▸ **Assigned task**
Repeat the listing below in full and exactly. Pictures are to be omitted.

▸ **Data section**
* * * * *

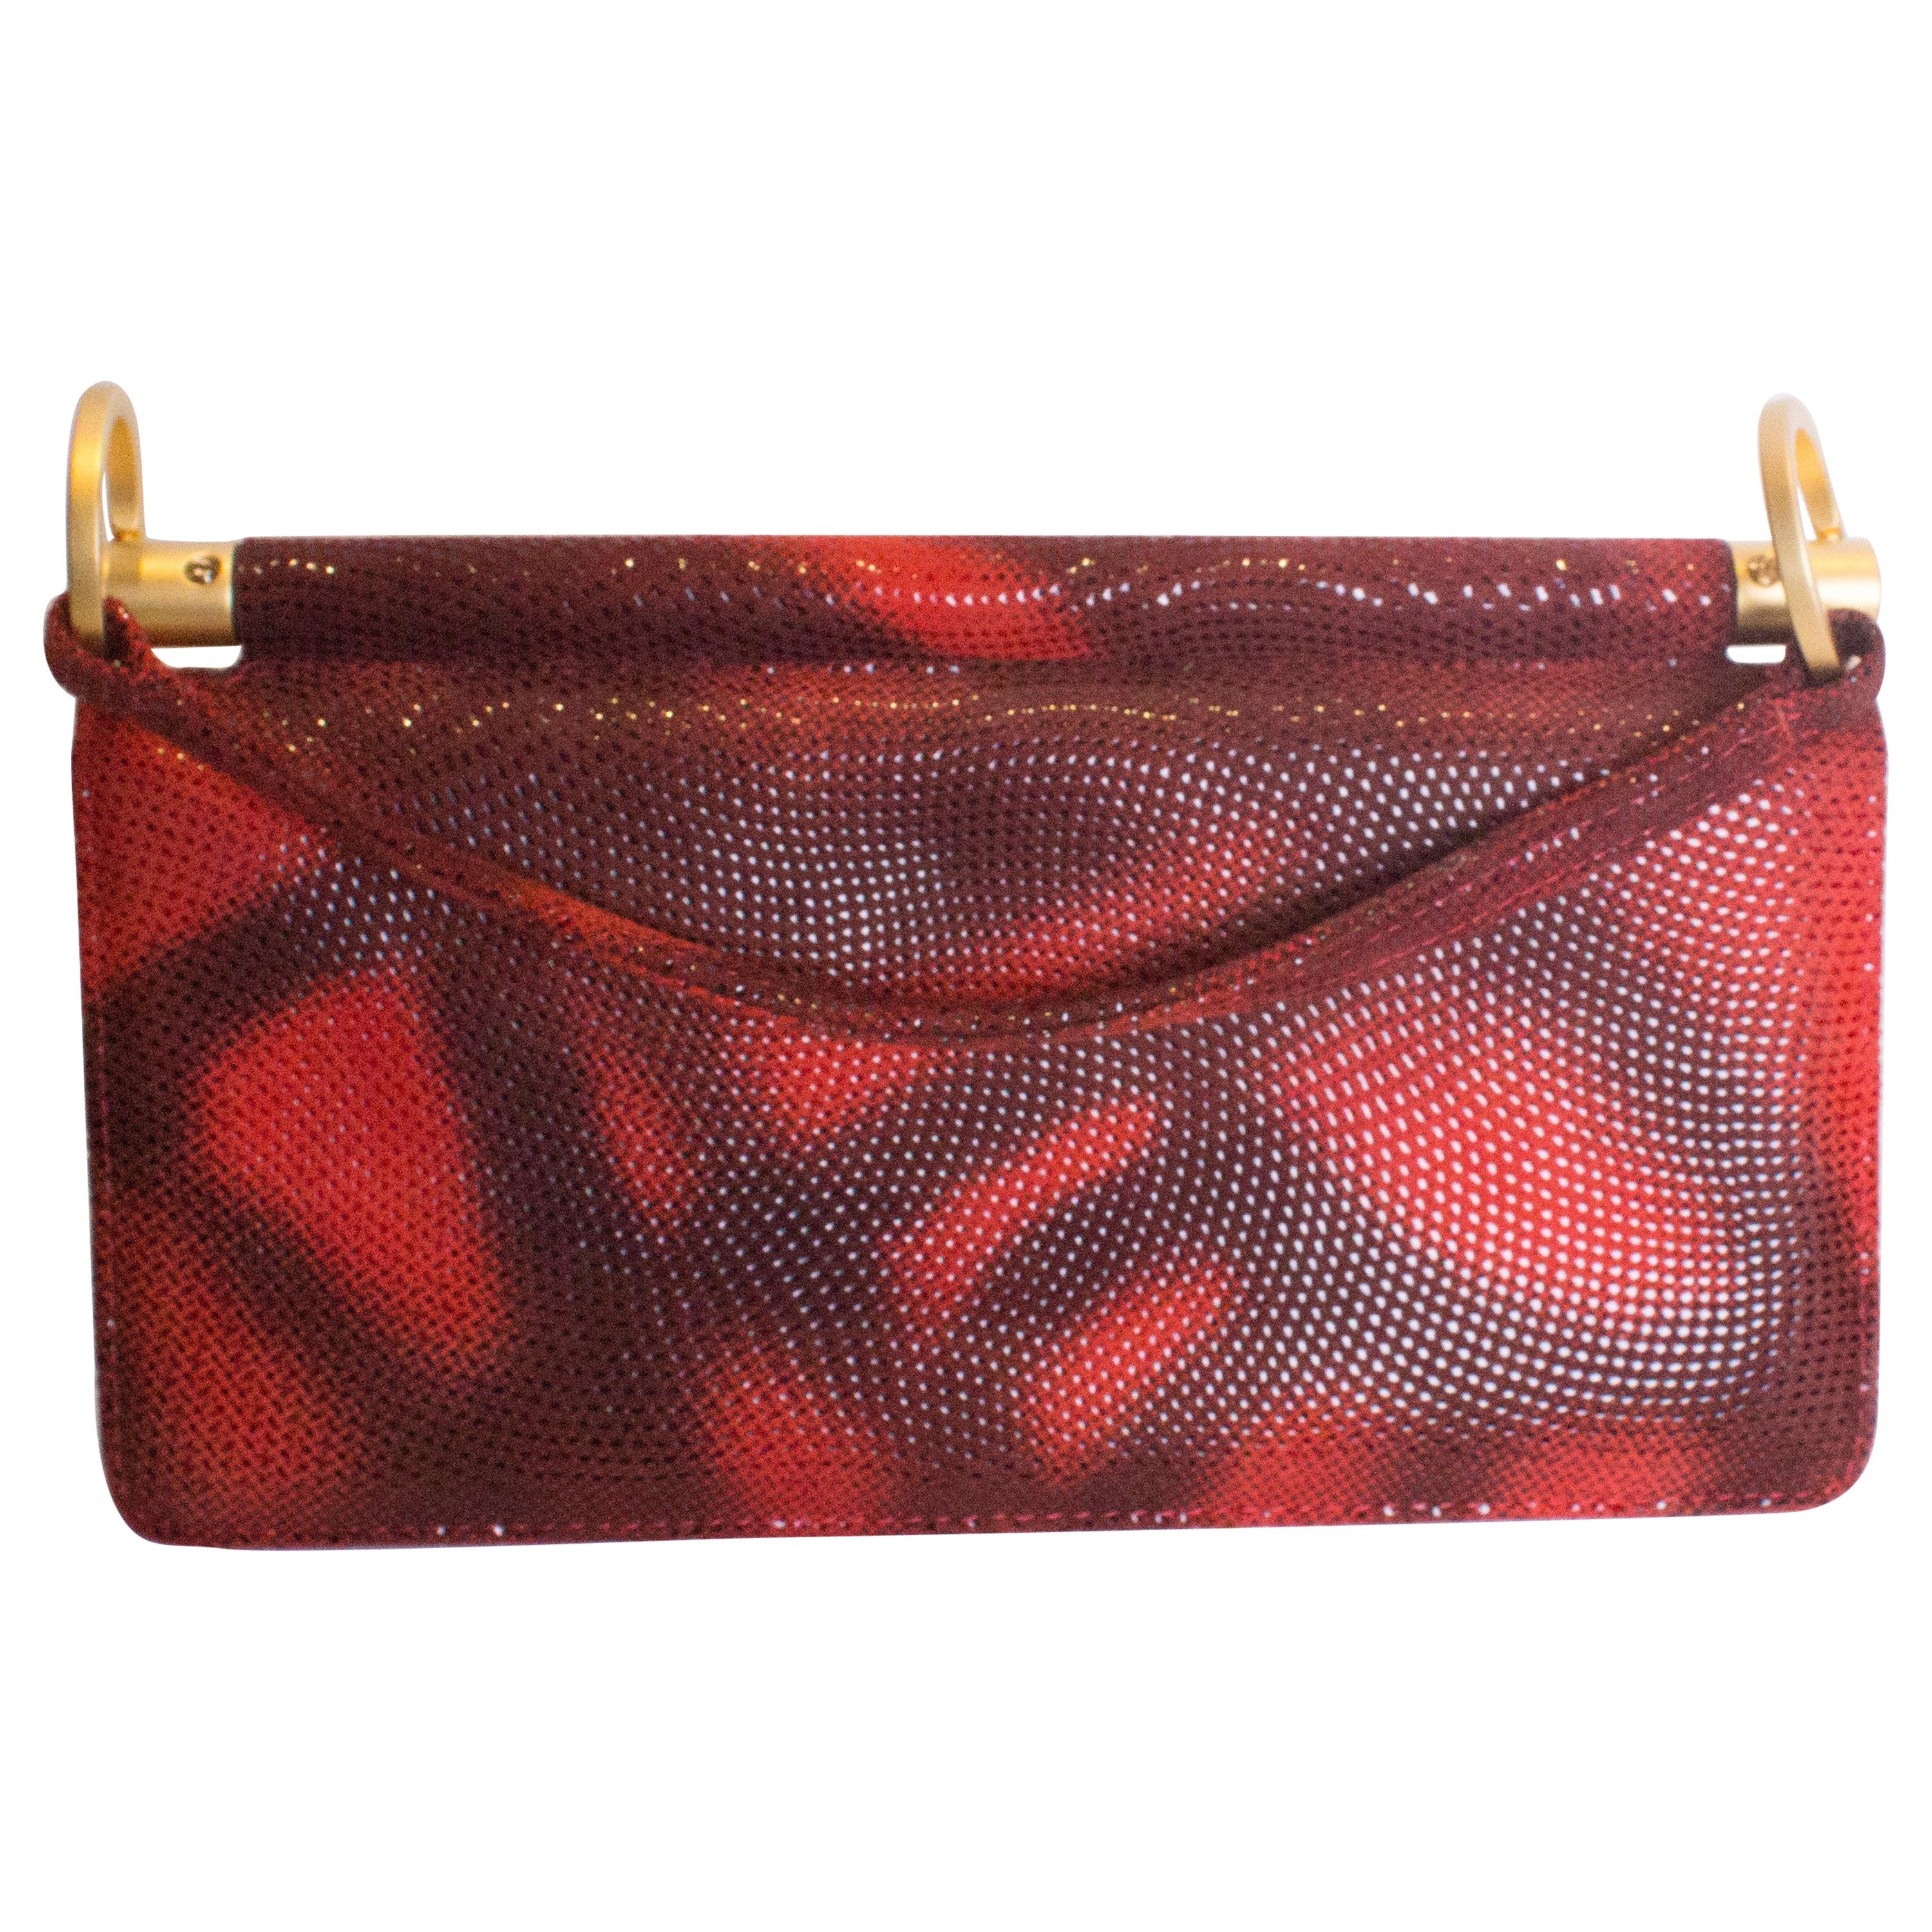 Vintage Charles Jourdan Red Handbag For Sale
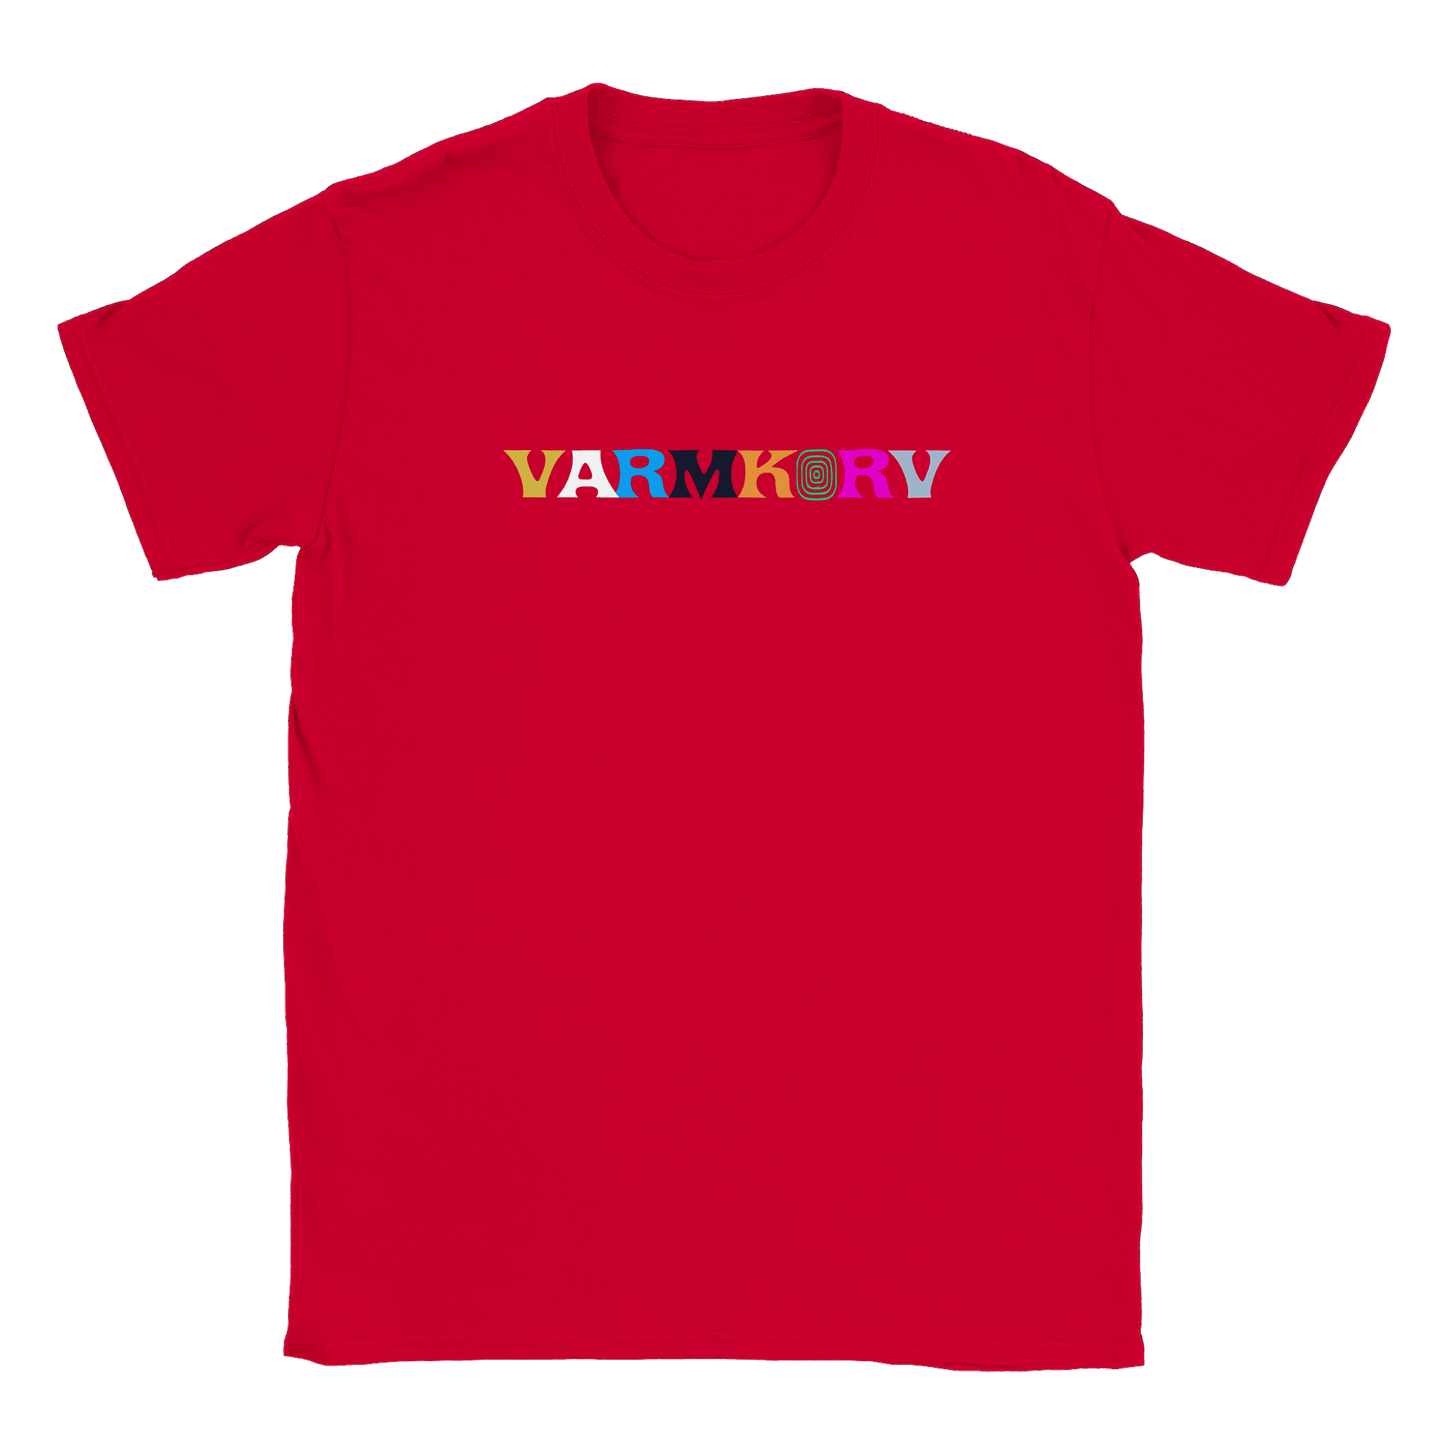 Varmkorv - T-shirt Röd
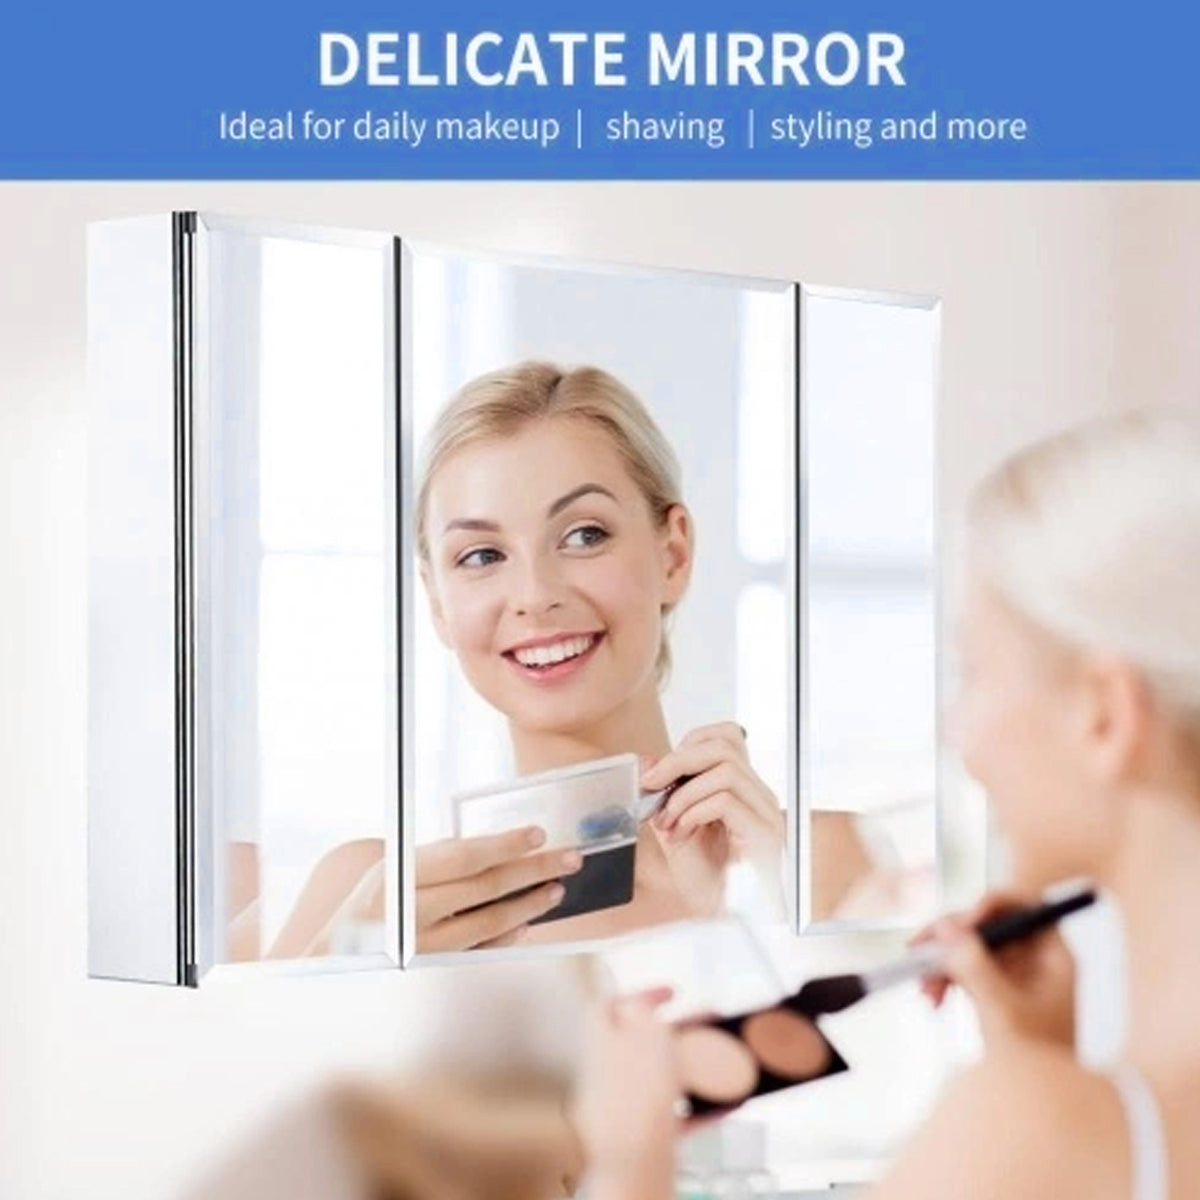 36 x 26&quot; Deluxe Frameless Medicine Cabinet: Double-Sided Mirror, 3-Door, Soft-Closing, Adjustable Shelves, for Bathroom, Bedroom, Hotel
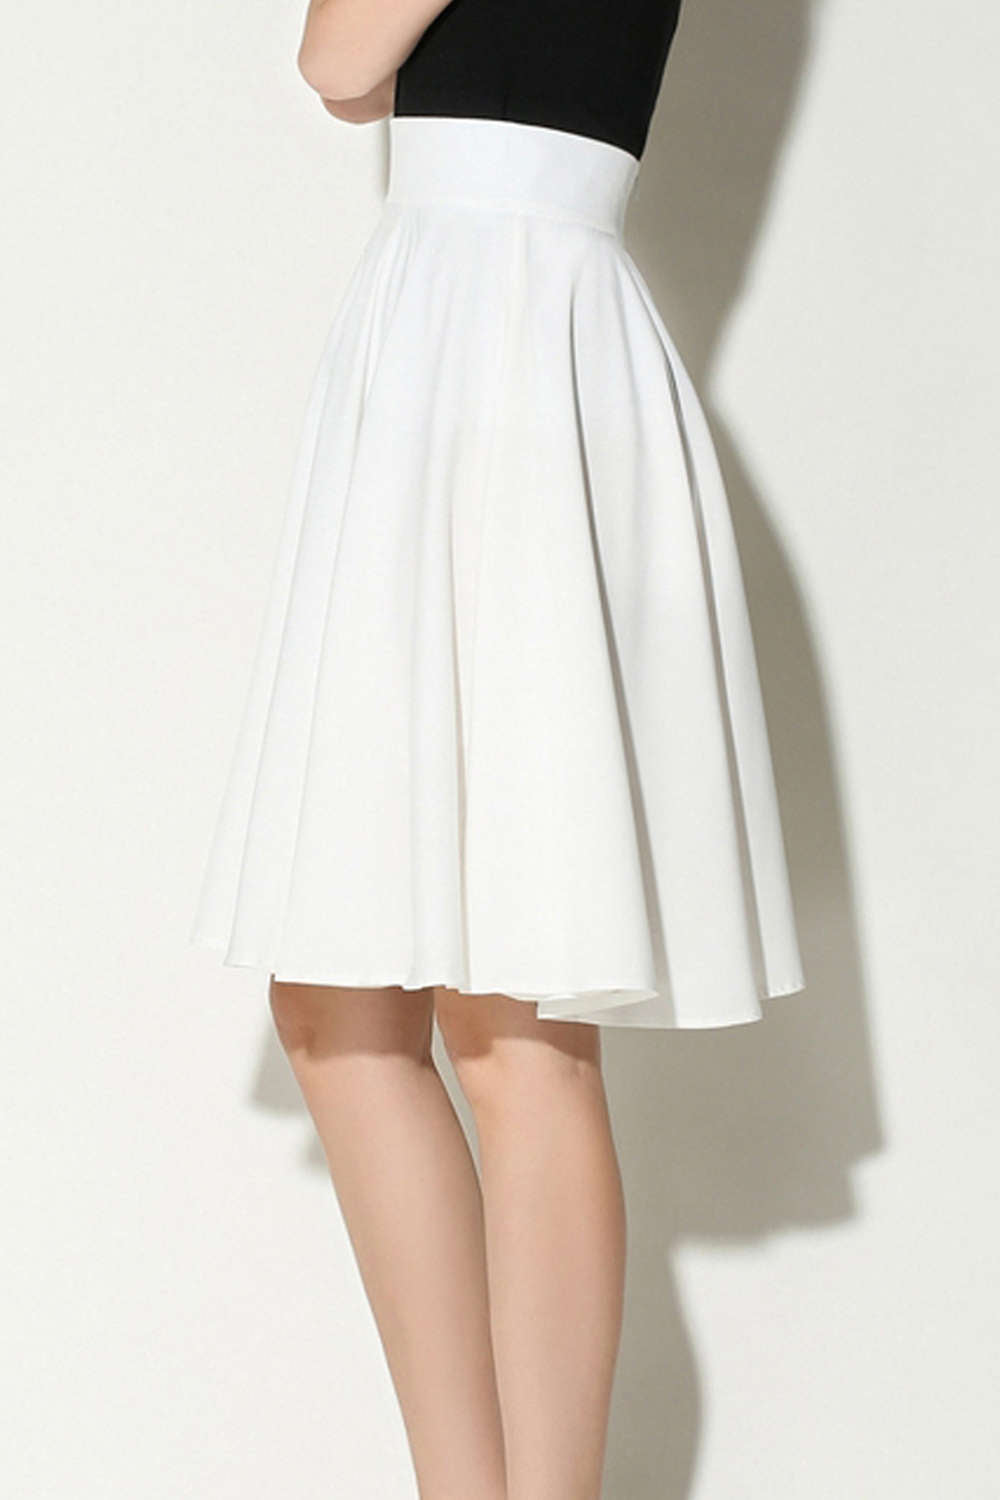 Iyasson High Waist A Line Skirt

* * * * *

▸ **Answer for the task**
 Vintage Charles Jourdan Red Handbag For Sale
 Varmkorv - T-shirt Röd
 36 x 26&quot; Deluxe Frameless Medicine Cabinet: Double-Sided Mirror, 3-Door, Soft-Closing, Adjustable Shelves, for Bathroom, Bedroom, Hotel
 Iyasson High Waist A Line Skirt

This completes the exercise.